To be fair I done the roof of the Mrs R56 Cooper S and it still looks shiny and as if it hasn't rained!

Just wish it was easy! :doublesho


----------



## mrbig1 (Sep 28, 2016)

This is definitely something different. It dries to hardness almost instantly. therefore following up on Fraser's tip definitely is recommended. Once you miss that short golden time and hazing occurs, it really takes work to buff off but not impossible. 
Never spray directly on the car. 

One day, I will try WOWO's suggestion of applying Crystal Sealant followed by Paint Sealant and Top it up with Contact 121 or Signature wax for amazing gloss and shine.

Good stuff~


----------



## Karl woods (Mar 15, 2012)

It's very easy to use if you do a small area at a time , I would probably cut the average bonnet into 4 sections , spray straight on to the panel , spread with one microfiber and straight away remove with another .
I tested it on a section of my work van and the short time before you buff it off it really bonds well and the next week I striped all the products off the van to recoat and found this stuff very resistant to detailing chemicals including tar and fall out removers .


----------



## fozzy (Oct 22, 2009)

Rob D 88 said:


> I recently purchased a bottle. I read Fozzy's review and I now know what he means about looking like Arnie after. Well I don't have arms the same but ya know what I mean.
> 
> It is so hard to get off! Shall I apply more pressure? I don't really want to due to it maybe creating swirls!
> 
> ...


It's worth the effort Rob, mines still wearing it under the Contact 121 from months back, a match made in heaven. Still getting silly beading and protection from the single applications. Sadly another review is looming so it'll be getting stripped back ...... ARGHHHHH........

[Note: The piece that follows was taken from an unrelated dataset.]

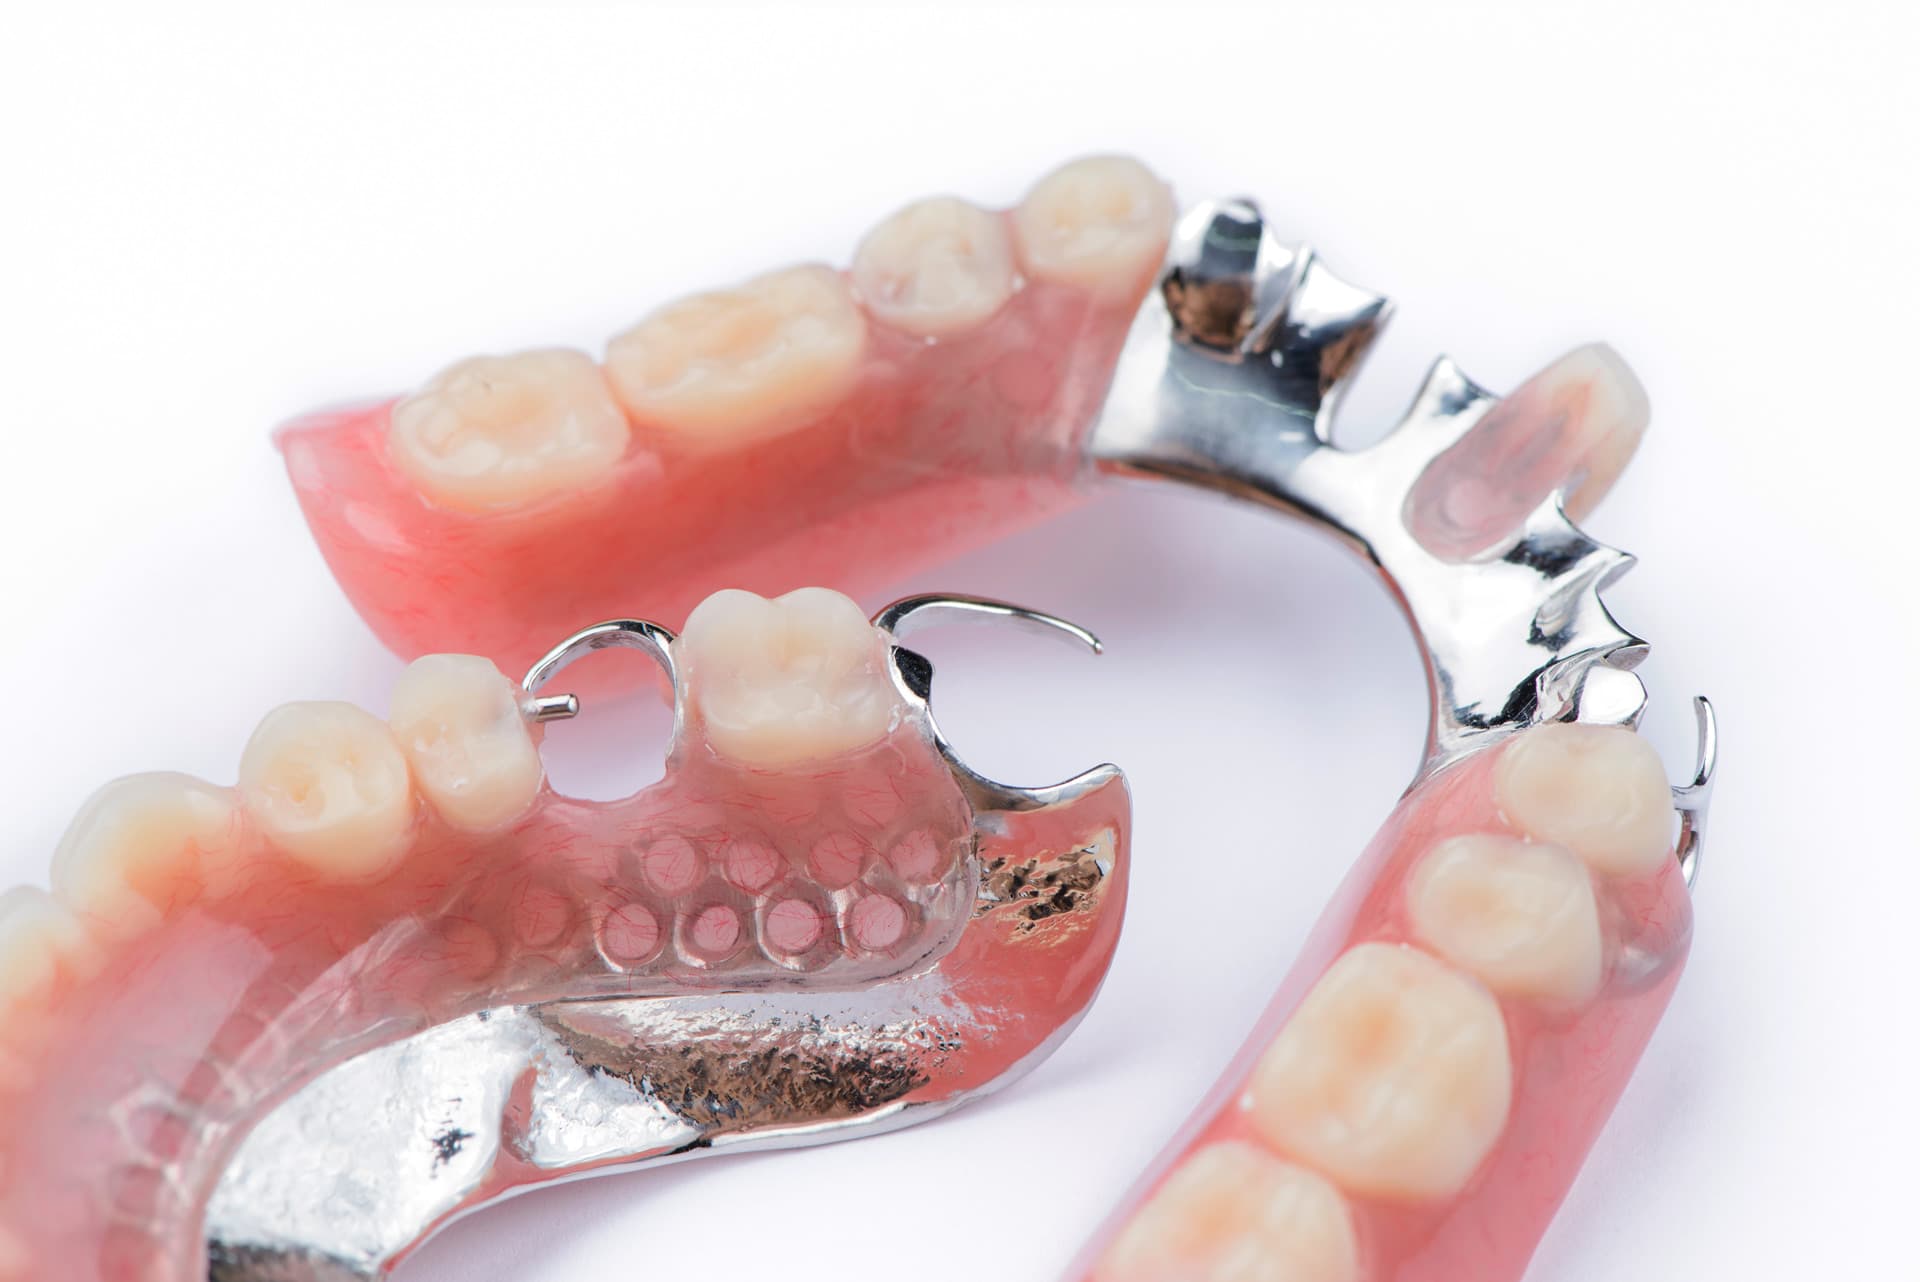 Prótesis dental removible en Narón

Forgot to add, classing this as a sealant really isn't doing it justice, that's like calling the 121 a wax, they have much more in common with coatings than any sealants/wax's out there.


----------



## Rob D 88 (May 24, 2016)

fozzy said:


> It's worth the effort Rob, mines still wearing it under the Contact 121 from months back, a match made in heaven. Still getting silly beading and protection from the single applications. Sadly another review is looming so it'll be getting stripped back ...... ARGHHHHH........
> 
> Forgot to add, classing this as a sealant really isn't doing it justice, that's like calling the 121 a wax, they have much more in common with coatings than any sealants/wax's out there.

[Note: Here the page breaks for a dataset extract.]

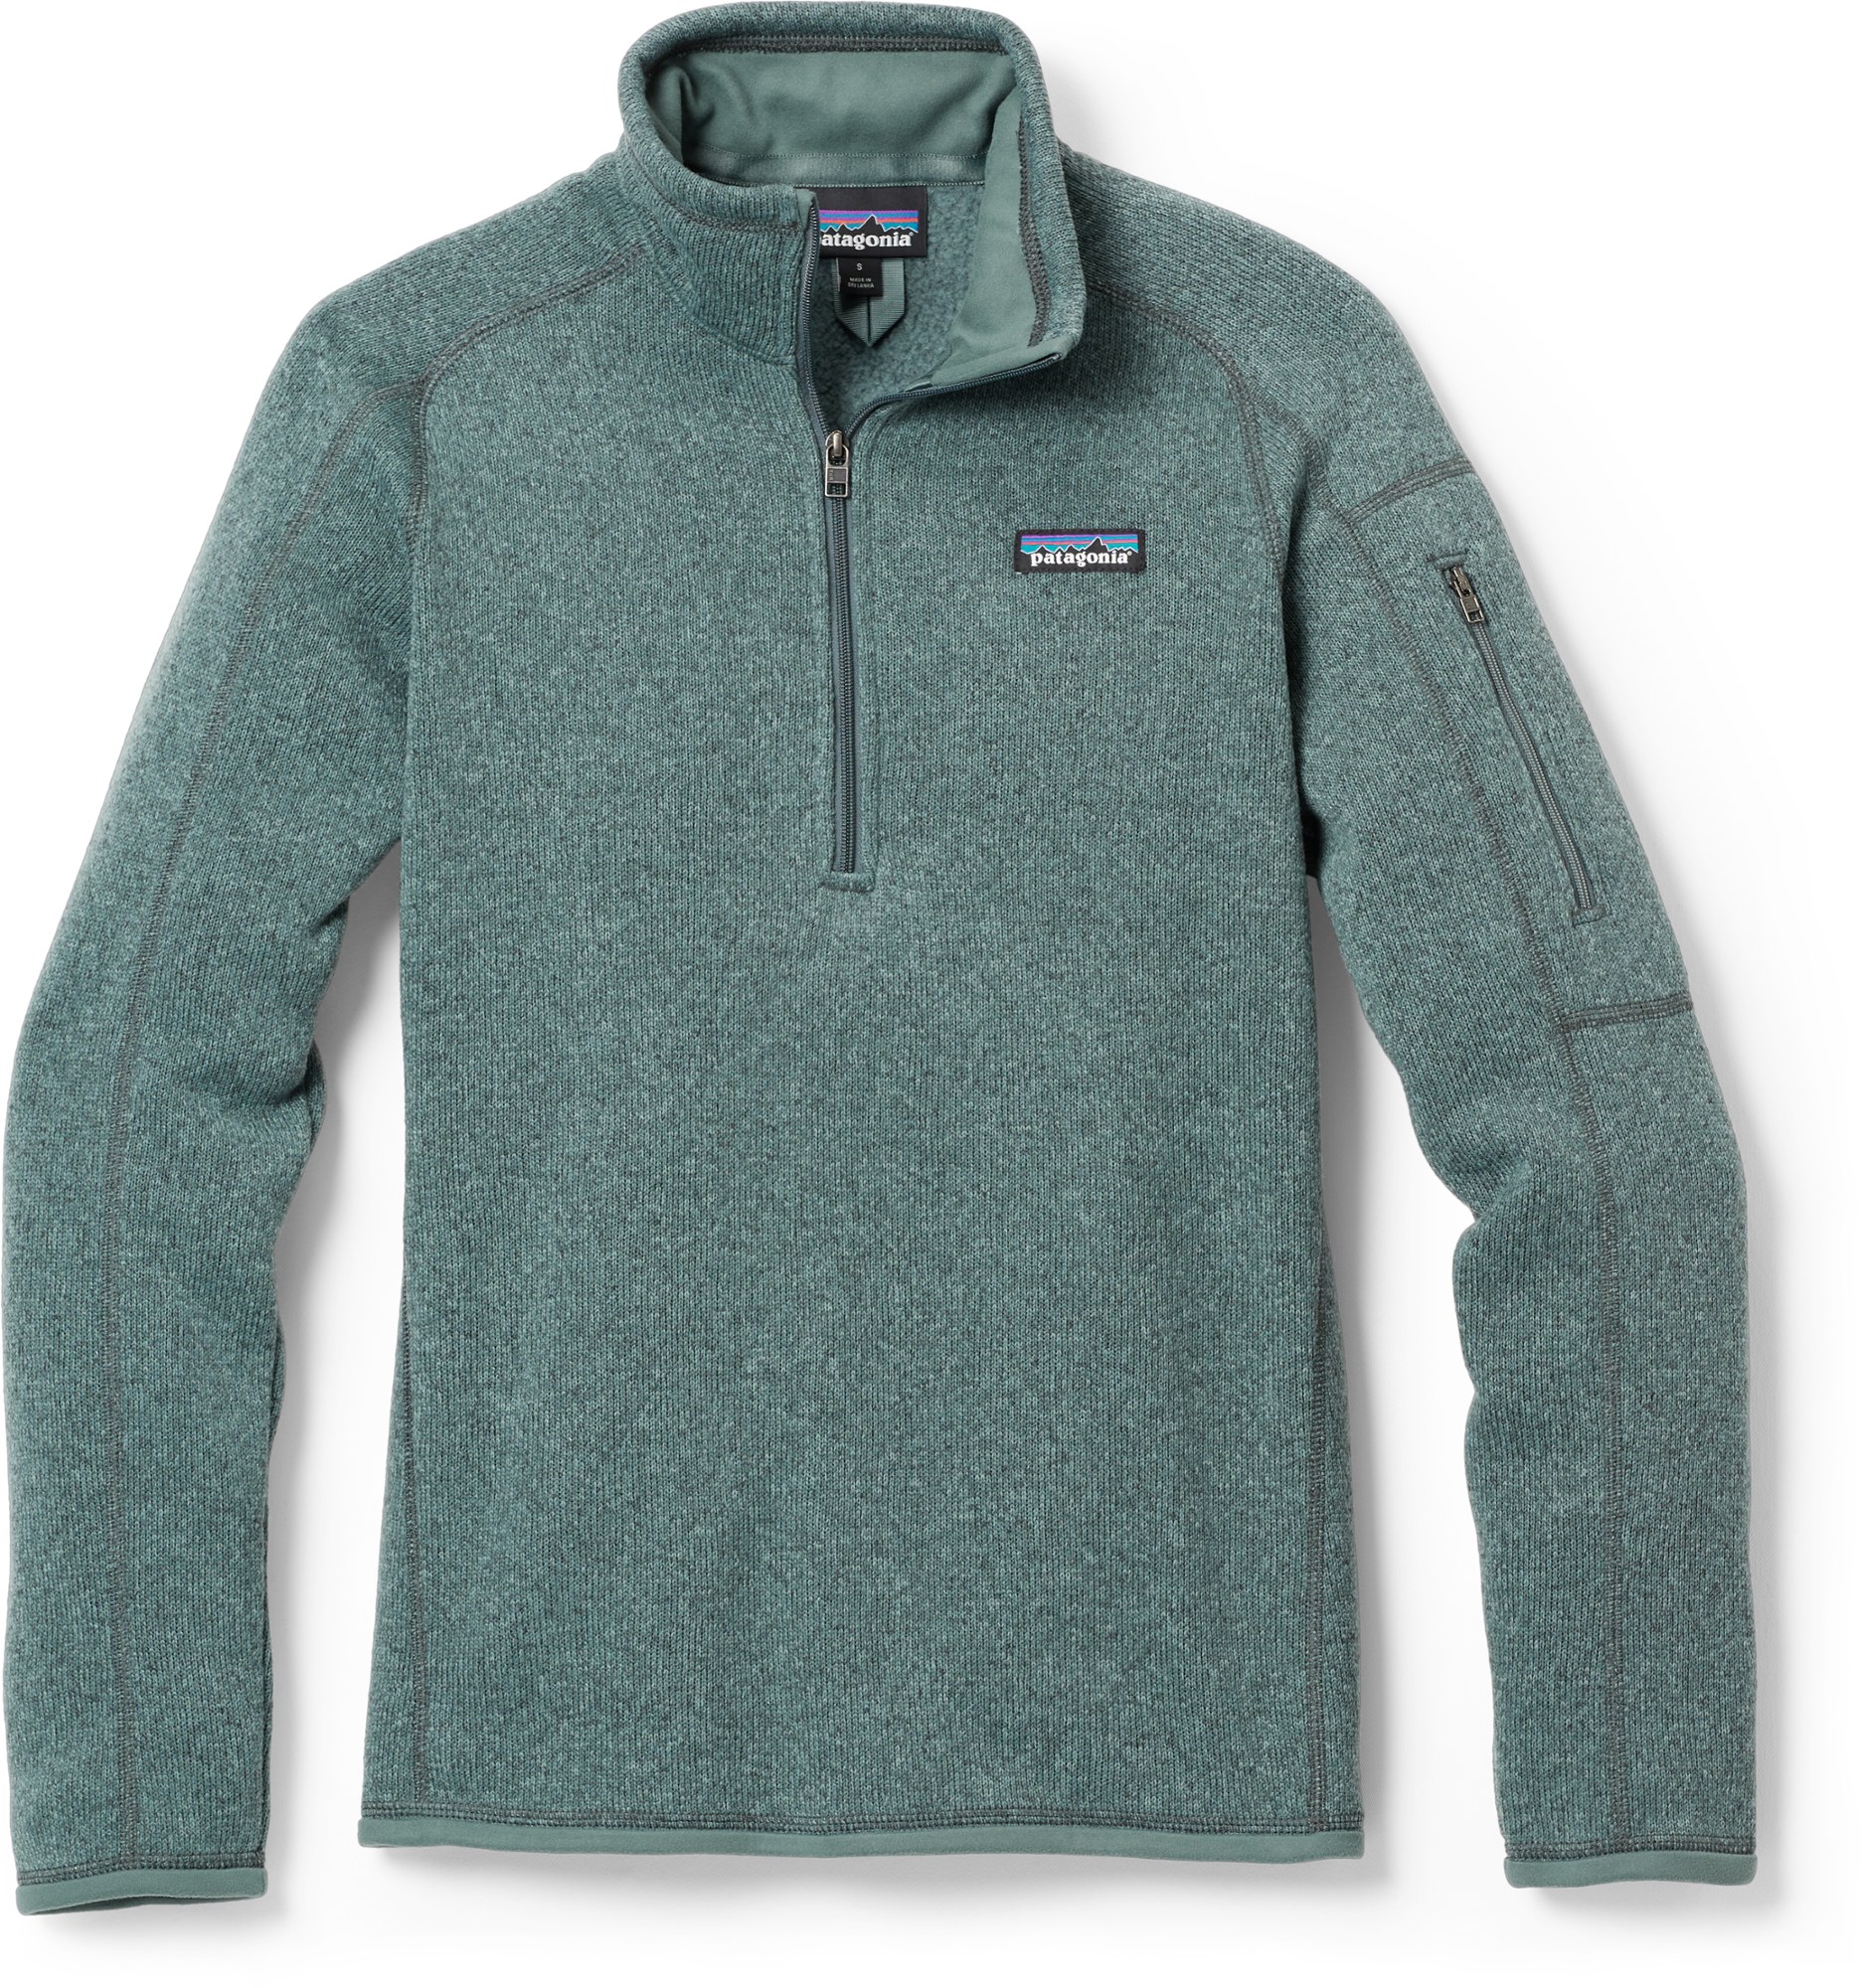 Флисовый пуловер Better Sweater с молнией в четверть — женский Patagonia, зеленый

Fozzy do you think it will be ok to spray direct on to the panel and wipe with a cloth before buffing with a deeper pile mf?

I think that's what Fraser means! The beading is good though, I done it Saturday and said to the Mrs at work today get a shot of the beading! It was only one coat!


----------



## fraser87uk (Mar 2, 2011)

I do what Karl does. If I'm doing a bonnet I split it into four sections and work it that way for best effect. You most certainly never spray onto a whole car then try and buff off or you are in for a bad time. 

Small sections is key and you'll get amazing results much more like a ceramic or glass coating than any conventional sealant.


----------



## Rob D 88 (May 24, 2016)

fraser87uk said:


> I do what Karl does. If I'm doing a bonnet I split it into four sections and work it that way for best effect. You most certainly never spray onto a whole car then try and buff off or you are in for a bad time.
> 
> Small sections is key and you'll get amazing results much more like a ceramic or glass coating than any conventional sealant.


Cheers Fraser, I will give it a go next time. I only managed to get the roof done the weekend before the clouds came over!

I will just do a light spray or two on the area then wipe in with a microfibre and buff off immediately after. I should be ok.

On the weekend I used a microfibre applicator and applied it by wiping it into the paint and without it drying taking it off. Maybe even that was too slow!!!

Thanks guys!


----------



## fozzy (Oct 22, 2009)

fraser87uk said:


> I do what Karl does. If I'm doing a bonnet I split it into four sections and work it that way for best effect. You most certainly never spray onto a whole car then try and buff off or you are in for a bad time.
> 
> Small sections is key and you'll get amazing results much more like a ceramic or glass coating than any conventional sealant.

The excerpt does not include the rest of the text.